### Work to be completed
For this exercise, retype all the data exactly and exclude every image.

### Data shown
-- Opening Marker --

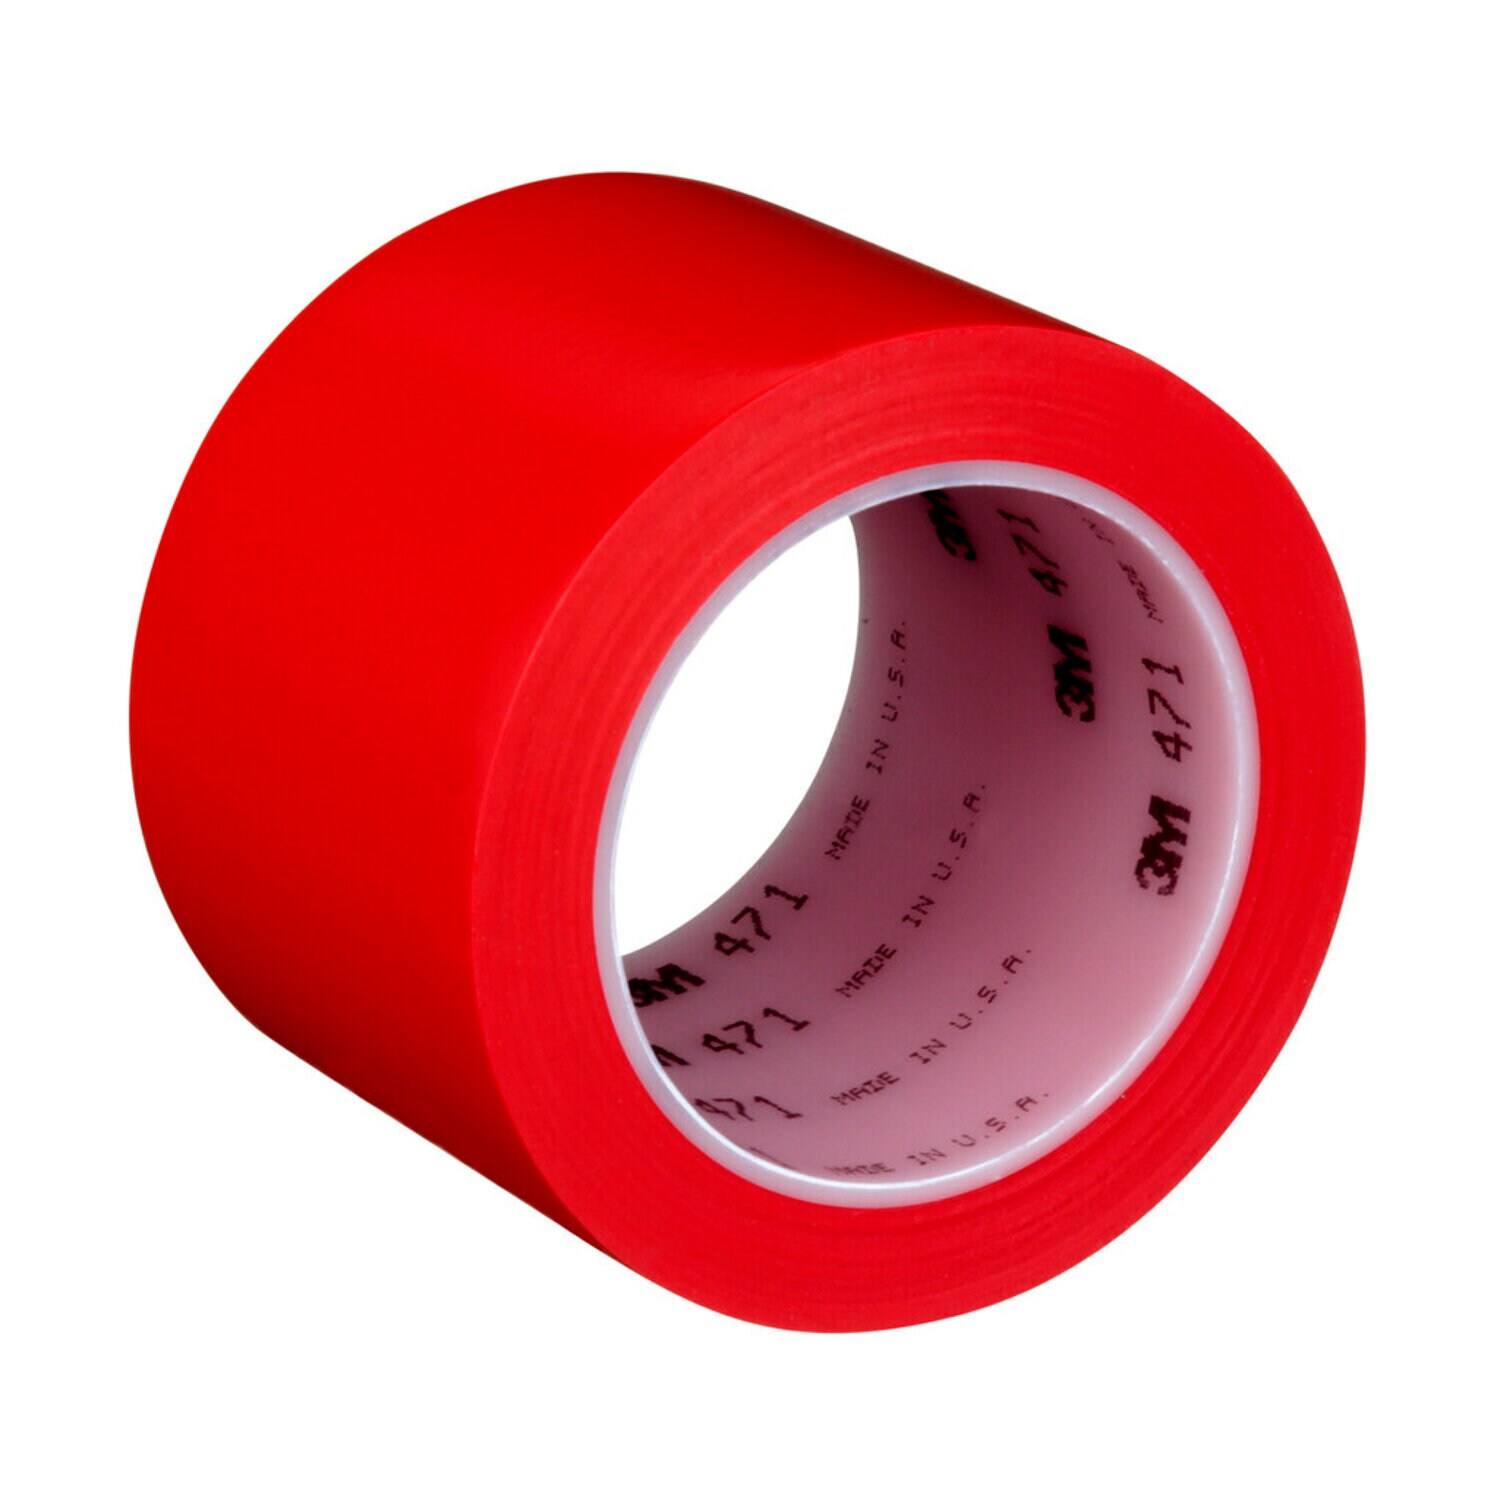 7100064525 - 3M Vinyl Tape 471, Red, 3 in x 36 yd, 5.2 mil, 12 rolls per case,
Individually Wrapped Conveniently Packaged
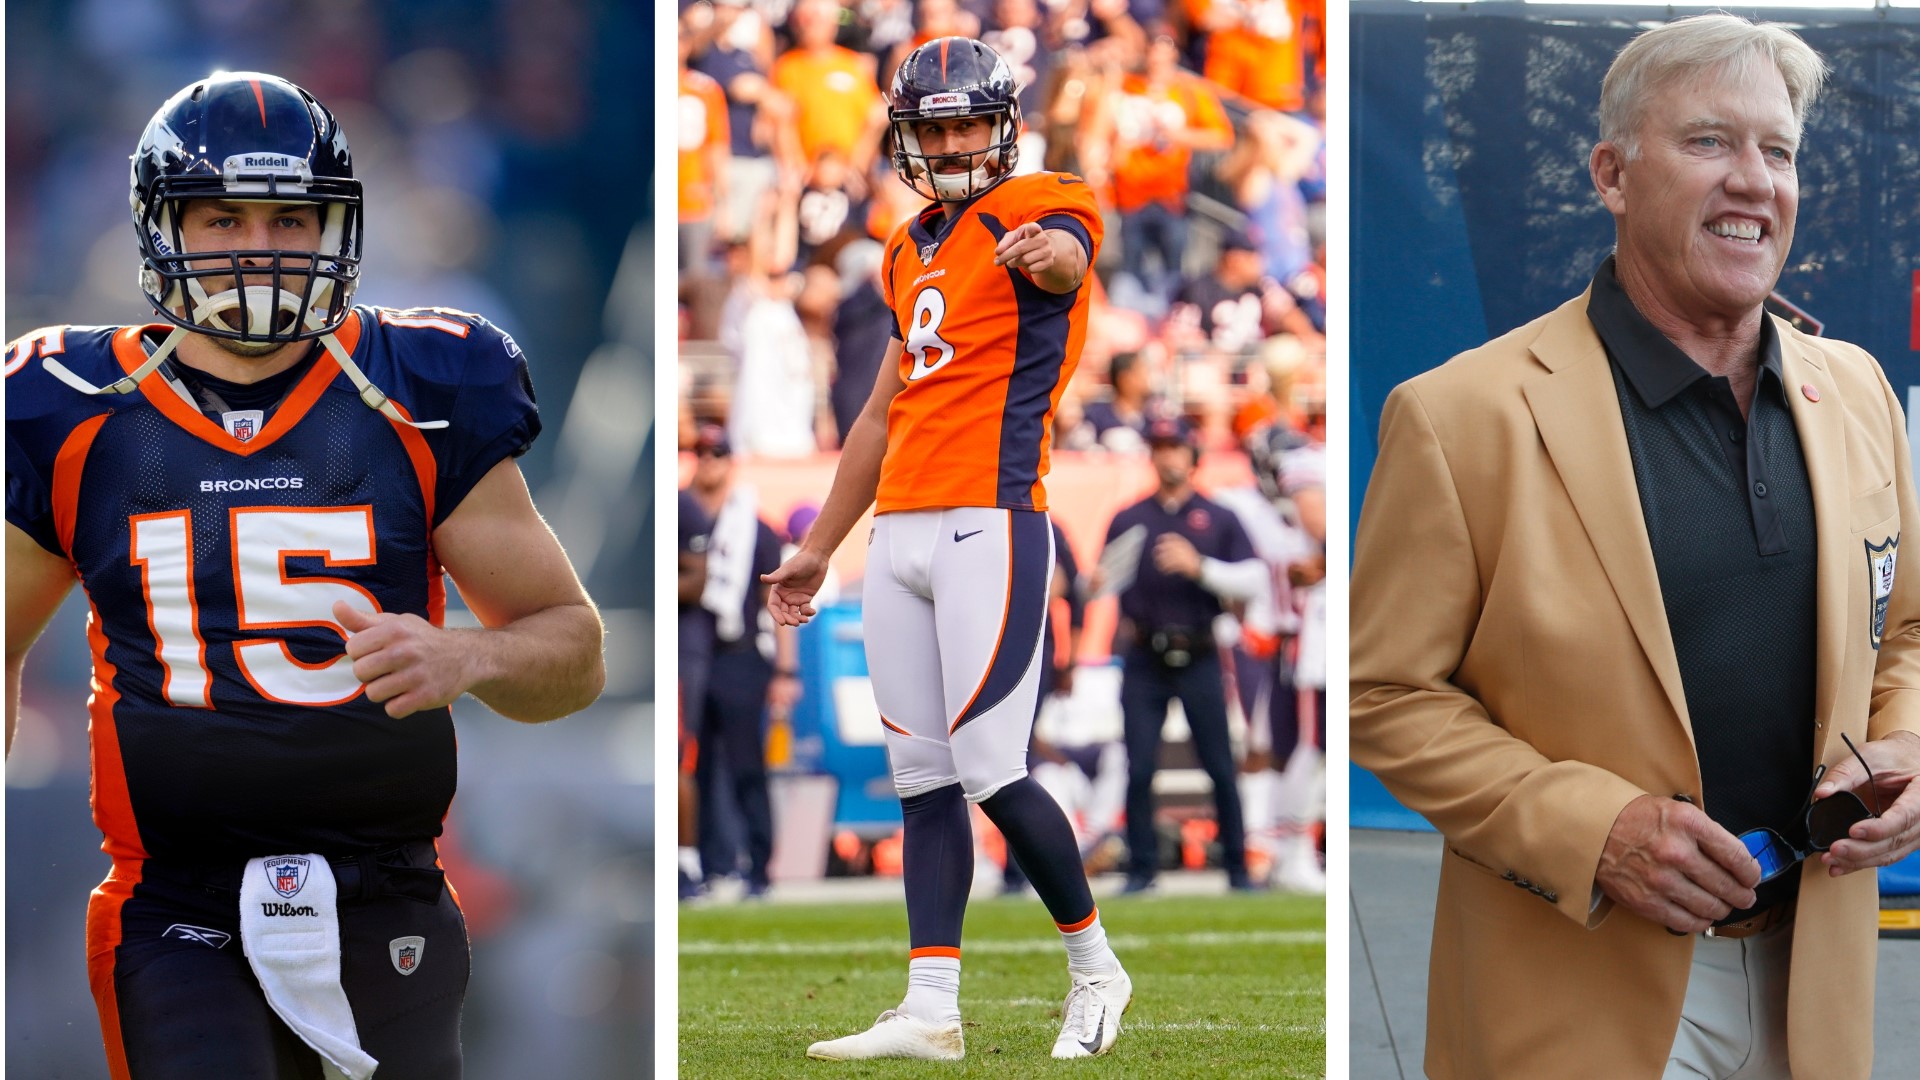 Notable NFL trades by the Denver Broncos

-- Closing Marker --

### Task output
 7100064525 - 3M Vinyl Tape 471, Red, 3 in x 36 yd, 5.2 mil, 12 rolls per case,
Individually Wrapped Conveniently Packaged
 Notable NFL trades by the Denver Broncos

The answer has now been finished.